While broader market and Value have been outperforming over the last 12 trailing months (see Equal vs. Market Cap and Factor heatmap below), they resurrect from ashes after an unusually prolonged period of underperformance, so the mean reversion should take longer on this side as well.
Equal vs. Market Weighted 1 Yr. Return Spread through March 2021
Source: Signet FM
Factor Performance (Top 2 quintiles of Large Cap Universe vs. SP 500)
Source: Signet FM
It makes sense to apply the same mean reversion logic to broader asset classes with weaker showing over the last decade, which recently started to outperform. So, we keep recommending Small, Mid-Caps and International exposure as great additions to an investment portfolio to capitalize on the recovery of the US and global economies.
Large vs. Small and Growth vs. Value 2020 YTD (as of 04/26/2021)
Source: Signet FM
All in all, when we revise our portfolios, we take into account both cyclical and secular trends – that is why our portfolios are diversified from sectoral and style posturing view. Considering all of the above said, we keep emphasizing cyclical and financial positions in our portfolios and pair them up with sound GARP positions from more secular plays in Technology and Communications.

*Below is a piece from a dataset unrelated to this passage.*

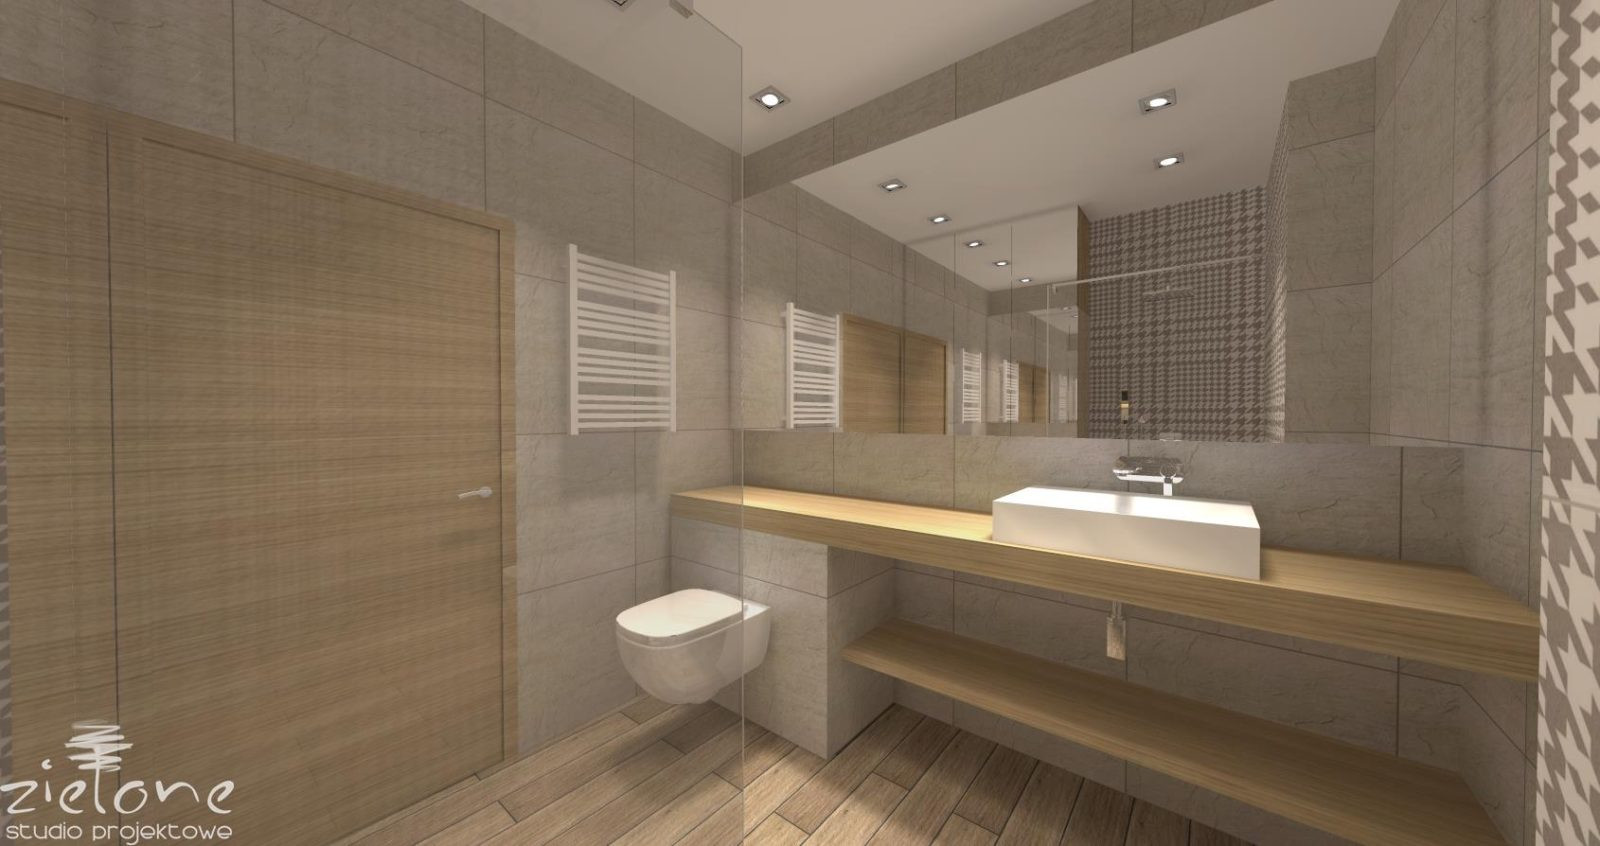 Projekt klasycznej łazienki z białą muszlą wisząca oraz drewnianym blatem

The information and opinions included in this document are for background purposes only, are not intended to be full or complete, and should not be viewed as an indication of future results. The information sources used in this letter are: WSJ.com, Jeremy Siegel, PhD (Jeremysiegel.com), Goldman Sachs, JP Morgan, Empirical Research Partners, Value Line, Ned Davis Research, First Trust, Citi research and Nuveen.